Buckingham Palace sword attacker convicted of plotting new terror attacks after being acquitted and freed from prison
Mohiussunnath Chowdhury discussed attacks on targets including London Pride, Madame Tussauds and tourists
A chicken shop worker has been found guilty of planning new terrorist atrocities after being released from prison over another attack.
Mohiussunnath Chowdhury had slashed police officers with a sword outside Buckingham Palace while shouting “Allahu akbar” in August 2017.
But he denied attempting an act of terror and claimed he was just trying to make the police shoot him dead because he was depressed.
After being cleared by a jury, Chowdhury was freed from the prison in December 2018 and “hit the ground running” for new attacks.
Woolwich Crown Court heard that he discussed potential targets including a gay pride parade, Madame Tussauds and London tourist bus with undercover police officers who were posing as fellow jihadis.
While consuming both Islamist propaganda and material by right-wing extremists including Tommy Robinson, he told associates that the Buckingham Palace attack really had been an act of terror and that he deliberately deceived the jury that cleared him.
Chowdhury repeatedly praised other terror attacks and claimed to be radicalising children who came into the peri peri chicken shop where he worked in Luton.
In the months after his release from prison, he engaged in physical training, by acquiring wooden swords, practising stabbing techniques, enrolling on a shooting training course and obtaining a replica pistol while seeking a live firearm and ammunition.
Chowdhury told a friend that all non-Muslims, even pregnant women or children, were “fair game” and that killing a soldier or police officer would be “instant paradise”.
On 20 June – six months after his acquittal – a covert recording showed him telling his sister, Sneha Chowdhury, that he was quitting his job.
When asked why, he told her: “I’m doing another attack bruv … I’m serious bro, it’s about time now.”
The siblings were arrested by counter-terror police in Luton 3 July, and told that their home and Chowdhury’s car had been bugged for months.
Investigators had records of Chowdhury’s conversations, his internet activity, the extremist propaganda he had viewed and the purchases he made in preparation for the attack.
The defendant had viewed numerous speeches by al-Qaeda ideologue Anwar al-Awlaki and other hate preachers, Isis propaganda and guides on carrying out attacks with vehicles and knives.
But he denied all charges and claimed talk of an attack had merely been “jihad banter” or “for attention”.
Chowdhury told the jury that he had assimilated with terrorist prisoners at HMP Belmarsh during his time on remand for safety, having met the Parsons Green bomber and other “likeminded brothers”.
He claimed that he was not truly seeking to obtain a gun, and felt pressured by the undercover officer who offered to help him.
Chowdhury added: “I was scared he might kill me, he might kill my family.”
He told the jury that he believed in a form of jihad but not until “the antichrist comes alongside Jesus” in the “endtimes”.

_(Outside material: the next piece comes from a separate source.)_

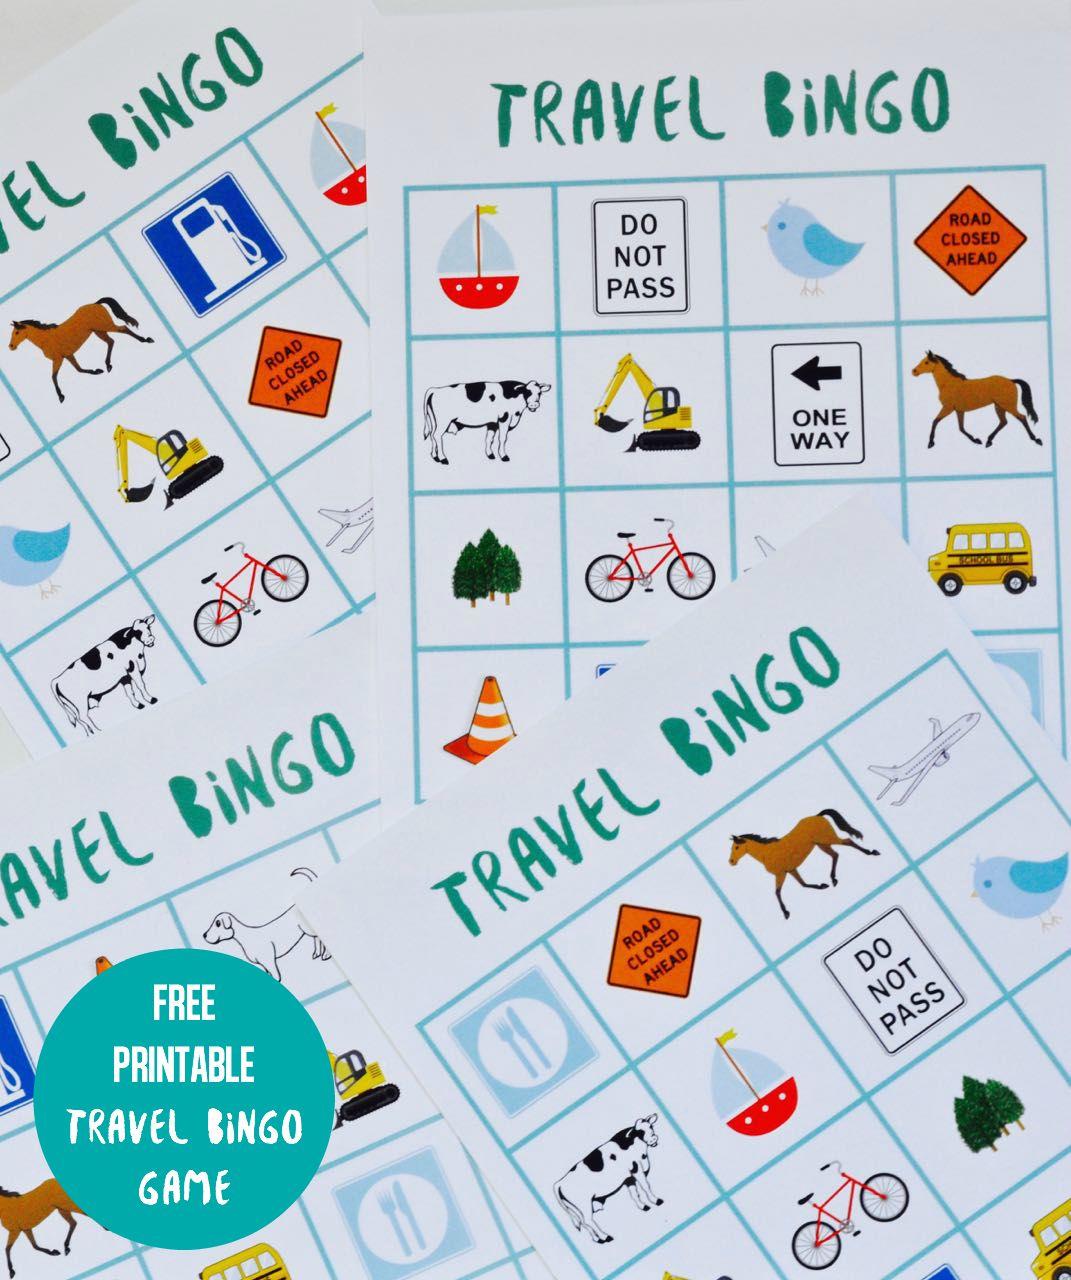 Free Printable Travel Bingo Game - Make Life Lovely

“That’s the battle I want to be fighting,” he said. “I don’t want to do any terrorist acts, I don’t believe in it.”
Chowdhury claimed he had only undertaken physical training to lose weight so he could find a wife.
But the jury rejected his explanations to find him guilty of preparing acts of terrorism, disseminating a terrorist publication and possessing terrorist information.
Prosecutors told the court that Chowdhury had been viewing and posting extremist material before coming into contact with the undercover officers, and was not pushed or tricked into attack planning.
“Within days of his release, the defendant was posting on Instagram a story extolling the virtues of martyrdom for Allah and an image of the police officer who had wrestled the sword away from him outside Buckingham Palace, PC Ian Midgley, calling him a ‘cuck’,” Duncan Atkinson QC told jurors.
“He had, in reality, hit the ground running on his release from prison, and ready to pick up where he had been forced to let off in 2017 when his attack at that time had failed.”
Commander Richard Smith, head of Scotland Yard’s Counter Terrorism Command, said officers received information about Chowdhury’s extremist posts a week after his release.
He acknowledged that it had been an “exceptionally difficult balance” to gather enough evidence to ensure a conviction while mitigating the risk he posed up until his arrest – just three days before the Pride in London parade.
“I am relieved to see him convicted,” Mr Smith added. “I believe Chowdhury to be an extremely dangerous individual who is committed to kill and maim members of the public for no other reason than that he is possessed of a hate-filled ideology.”
Chowdhury’s 25-year-old sister cried as she was convicted of one count of failing to disclose information about acts of terrorism and cleared of another count of the same charge.
The siblings, both of Kirkwood Road in Luton, will be sentenced at a later date.